Studio album by Denzel Curry
- Released: March 25, 2022
- Recorded: 2019–2021
- Genre: Hip-hop
- Length: 45:10
- Label: PH; Loma Vista;
- Producer: Cardo; Clutch George; Darko; DJ Khalil; Dot da Genius; Drtwrk; Elijah Fox; FnZ; HWLS; JGramm; Jonnywood; JPEGMafia; Kal Banx; Karriem Riggins; Kenny Beats; Mickey de Grand IV; Mike Hector; Naz; Noah Goldstein; Powers Pleasant; Robert Glasper; Thundercat;

Denzel Curry chronology
| Unlocked 1.5 (2021) | Melt My Eyez See Your Future (2022) | King of the Mischievous South Vol. 2 (2024) |

"The Extended Edition" cover

Singles from Melt My Eyez See Your Future
- "Walkin" Released: January 24, 2022; "Zatoichi" Released: February 24, 2022; "Troubles" Released: March 21, 2022;

= Melt My Eyez See Your Future =

Melt My Eyez See Your Future is the fifth studio album by American rapper Denzel Curry, released through PH and Loma Vista Recordings on March 25, 2022. The album includes features from Robert Glasper, Buzzy Lee, Saul Williams, Bridget Perez, T-Pain, 6lack, Rico Nasty, JID, Jasiah, 454, and Slowthai, and production from Cardo, FnZ, Thundercat, JPEGMafia, and Kenny Beats, among others. It was preceded by the singles "Walkin", "Zatoichi", and "Troubles". The album received widespread acclaim from critics, with reviewers praising Curry's lyrical abilities and the album's production.

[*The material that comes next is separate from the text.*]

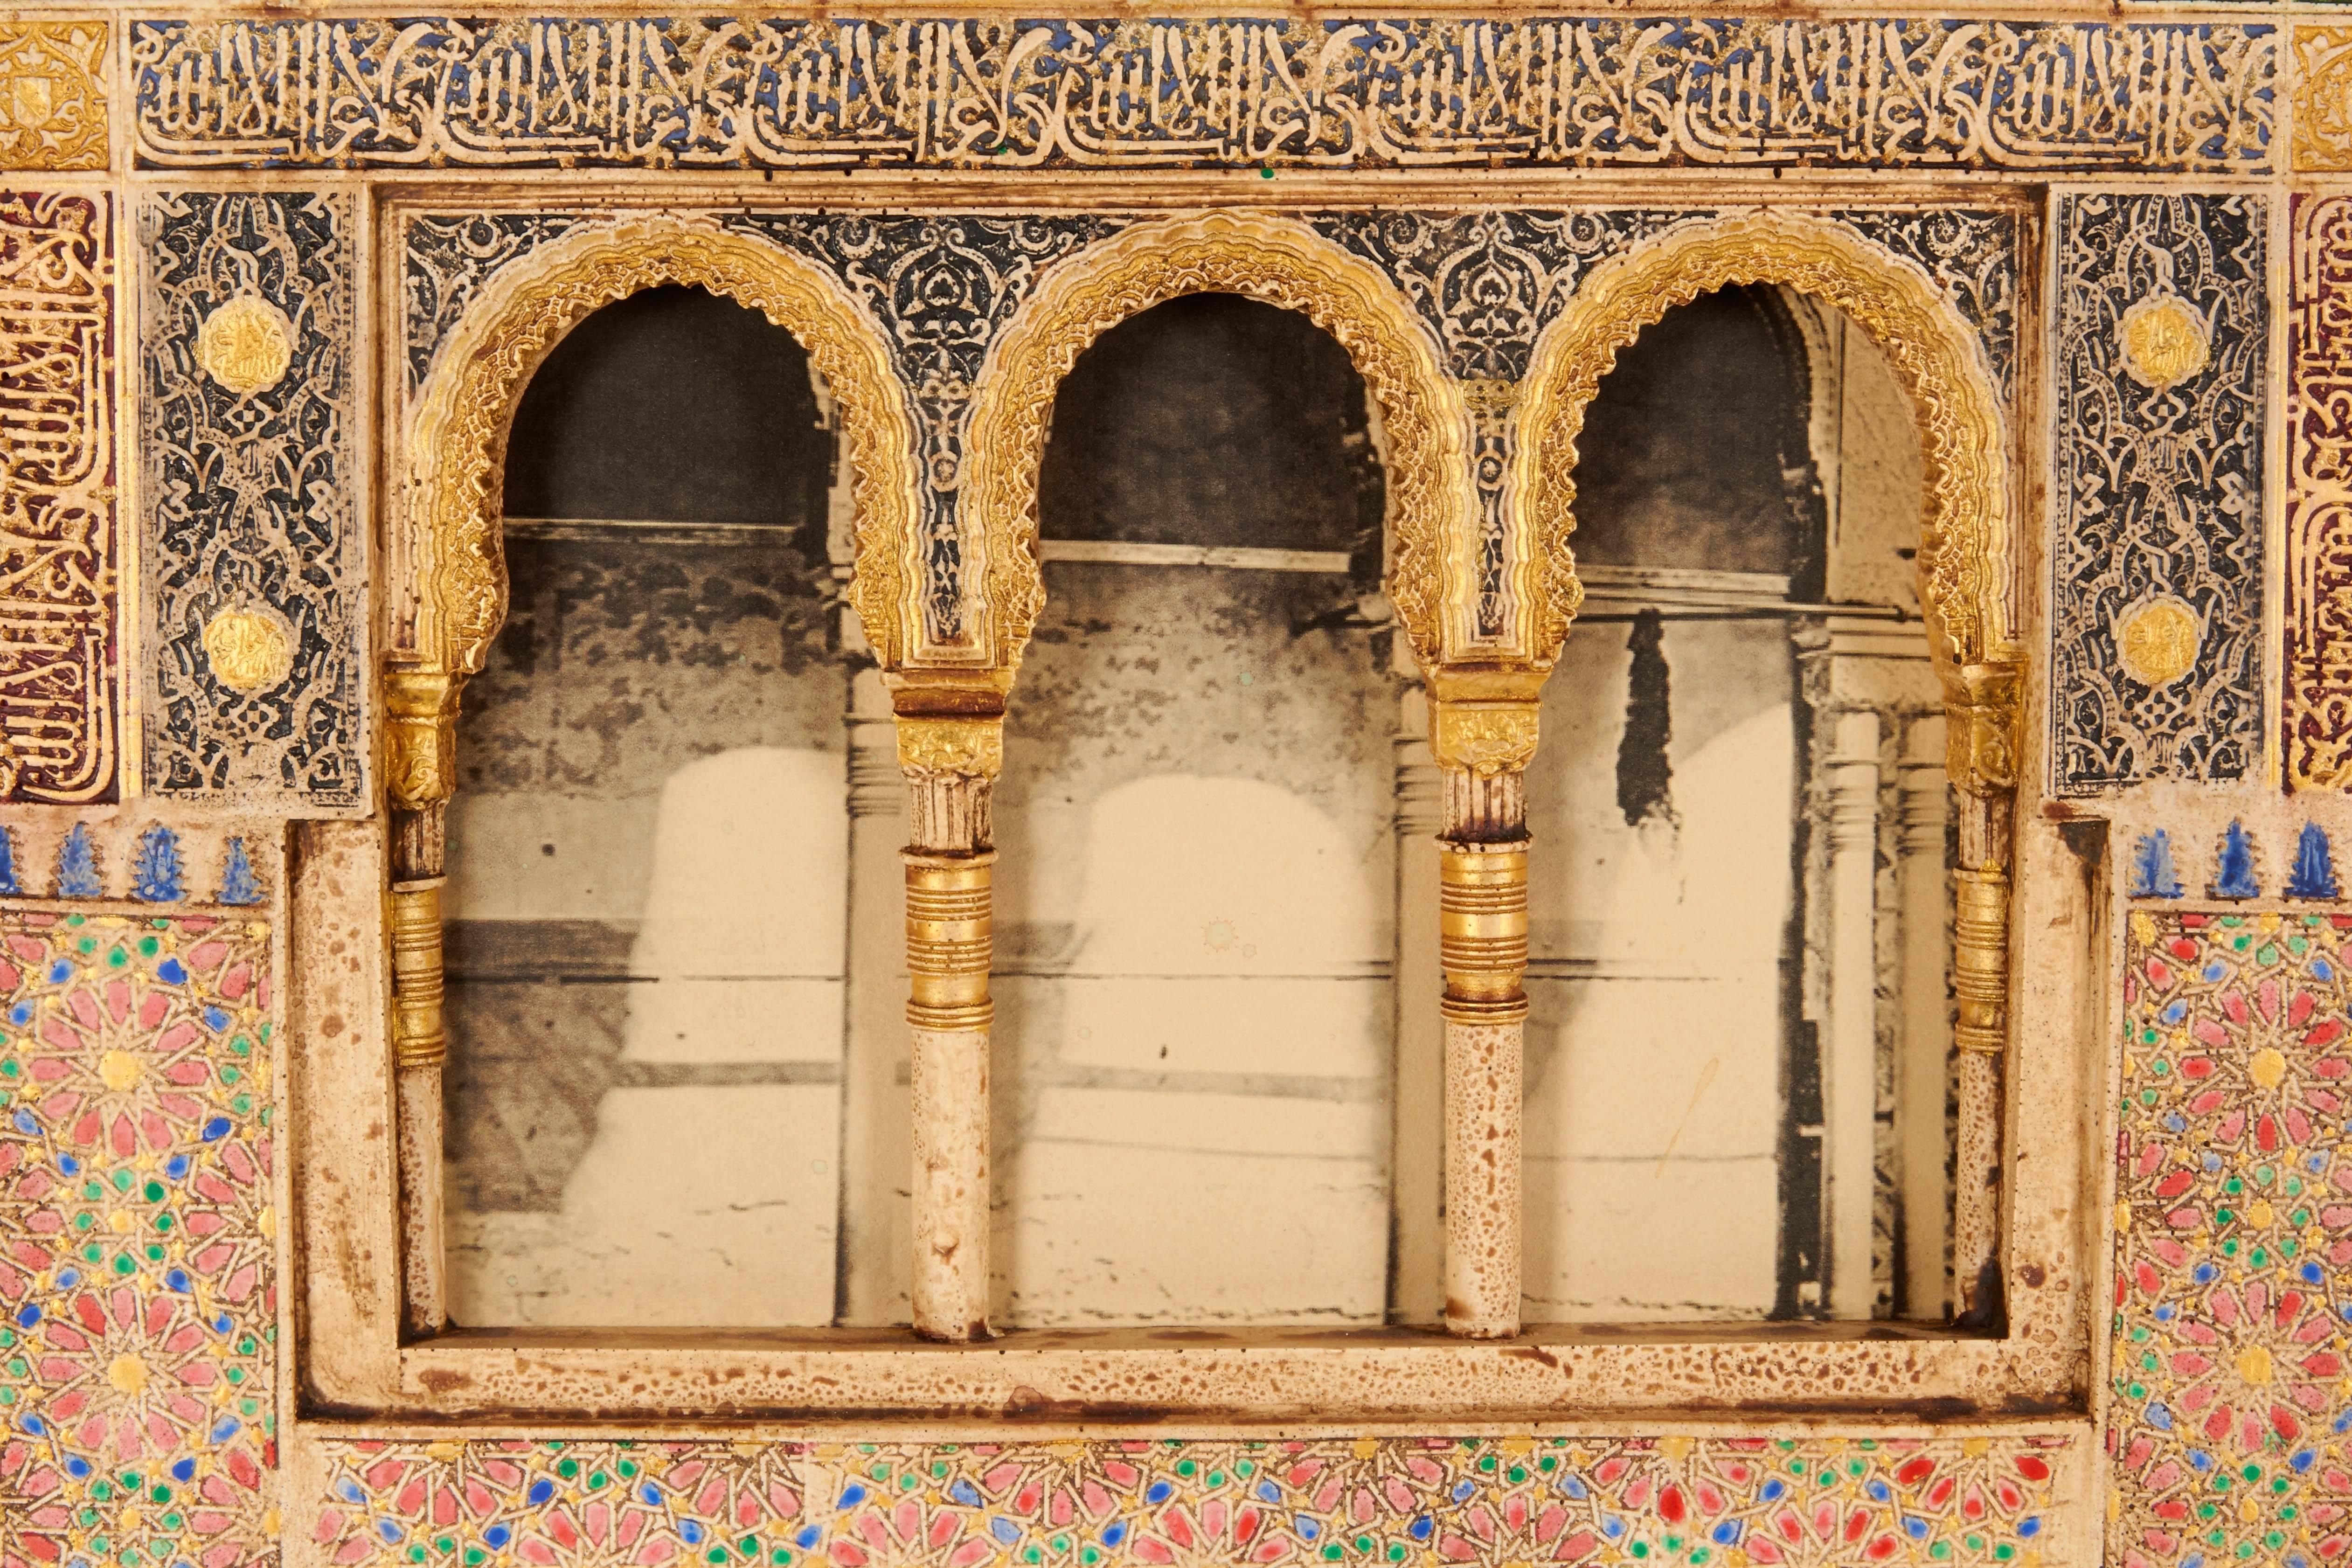 Spanish Plaster Wall Plaque Depicting the Alhambra Moorish Islamic ...

==Background, promotion, and release==
Denzel Curry first began envisioning the album's themes in 2018, and began working on it after the completion of his 2019 album, Zuu. In a May 2020 interview with XXL, he shared his plans to retire from making music after releasing three more full-length bodies of work. His first collaboration extended play with Kenny Beats, Unlocked, was released on February 7, 2020, followed by a remixed version of the EP, titled Unlocked 1.5, on March 5, 2021. He revealed the album title in a November 2021 interview with Las Vegas Weekly. Melt My Eyez is a metaphor for people's tendency to avoid facing difficult topics in day-to-day life, while See Your Future is motivation for moving on by putting one's past behind and focusing on what's yet to come. The album's themes were also inspired by several classic works of cinema, including the Dollars trilogy, The Mandalorian, Return of the Jedi, Sanjuro, Yojimbo, Seven Samurai, and Ran.

It is said to be his most mature body of work yet. He talked about retiring some of his past alter egos in favor of embracing his true personality and feelings through the music: "I'm not trying to be Zeltron. I'm not trying to be Aquarius Killa. I'm not trying to be Raven Miyagi. I'm not trying to be any of those personalities or any of those people. I'm Denzel. I'm a human being. I have feelings." He intended for the album to go in an entirely different direction from his previous works, calling it "the end of an era" and telling fans they were not going to "hear the same type of Denzel anymore".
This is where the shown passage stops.